CFD modeling and simulation of benzyl alcohol oxidation coupled with hydrogen production in a continuous-flow photoelectrochemical reactor.

Various conversion routes of biomass and its derivative compounds into high-value products has attracted attention from researchers recently. Among these, a solar-driven photoelectrochemical (PEC) oxidation approach of biomass alcohols to aldehydes is particularly of great interest for the potential applications because the reaction is selective and simultaneously accompanied with hydrogen production. Here, we propose a simulation of selective oxidation of benzyl alcohol into benzaldehyde coupled with hydrogen production in a 2-dimensional continuous-flow PEC reactor using COMSOL Multiphysics (5.6). In order to develop and fabricate a simple yet efficient reactor for a practical use, it is crucial to investigate the effects of operating and design parameters of the reactor on the reactions.

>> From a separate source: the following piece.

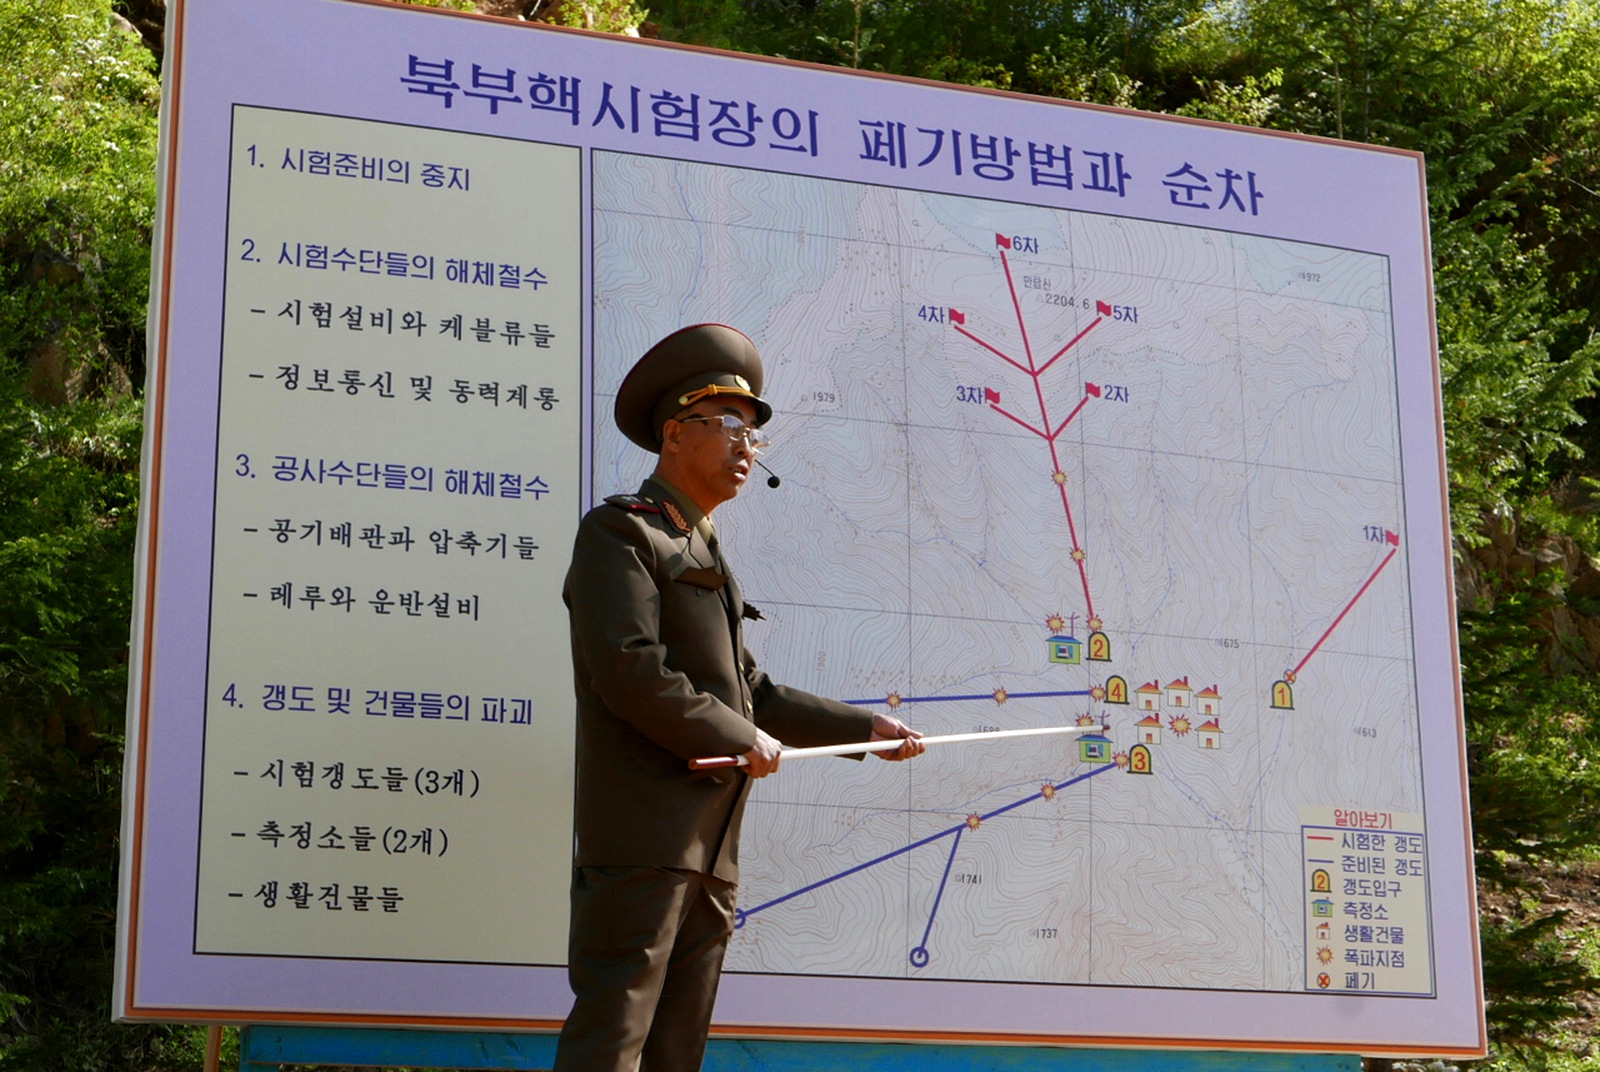 The Deputy Director of North Korea's Nuclear Weapons Institute briefs reporters about the dismantling of North Korea's nuclear test site, in Punggye-ri, May 24, 2018. APTN via AP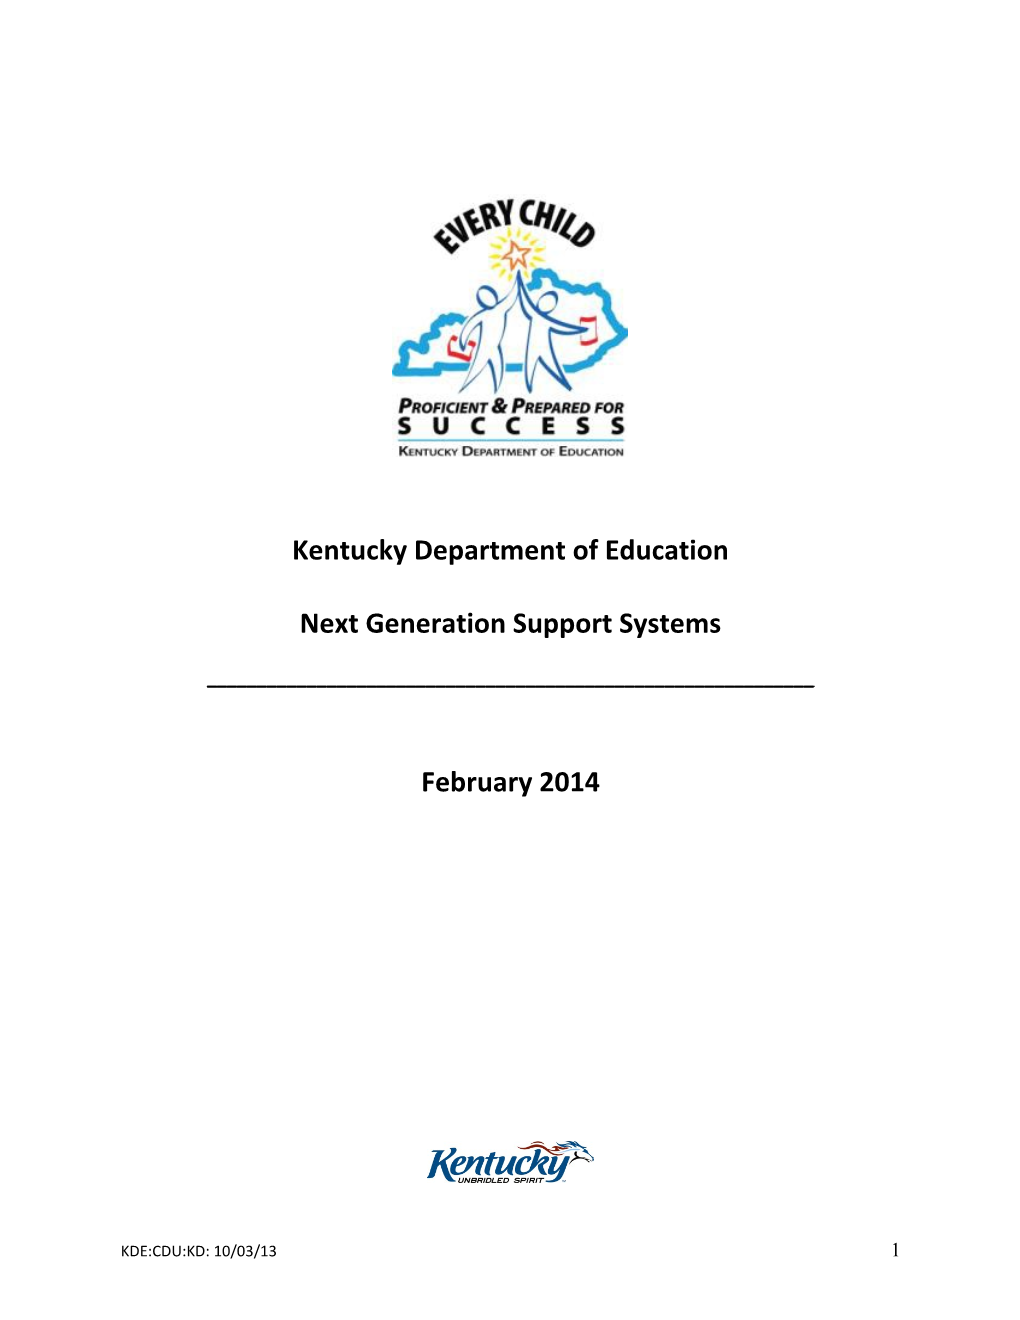 Next Generation Support Systems

Our studies demonstrated that the main contributions to product formation were the electrolyte flow velocity and the width of electrolyte channels. The optimized design parameter exhibited good photoelectrochemical performance with uniform potential distribution within the channels which served diffusion of neutral and charged species and electrochemical reaction. The maximum conversion of benzyl alcohol in this work was 48.25% with 100% selectivity of benzaldehyde. These findings are key for the design of the continuous-flow PEC reactor that can be applied to any series of biomass conversion reactions under mild conditions.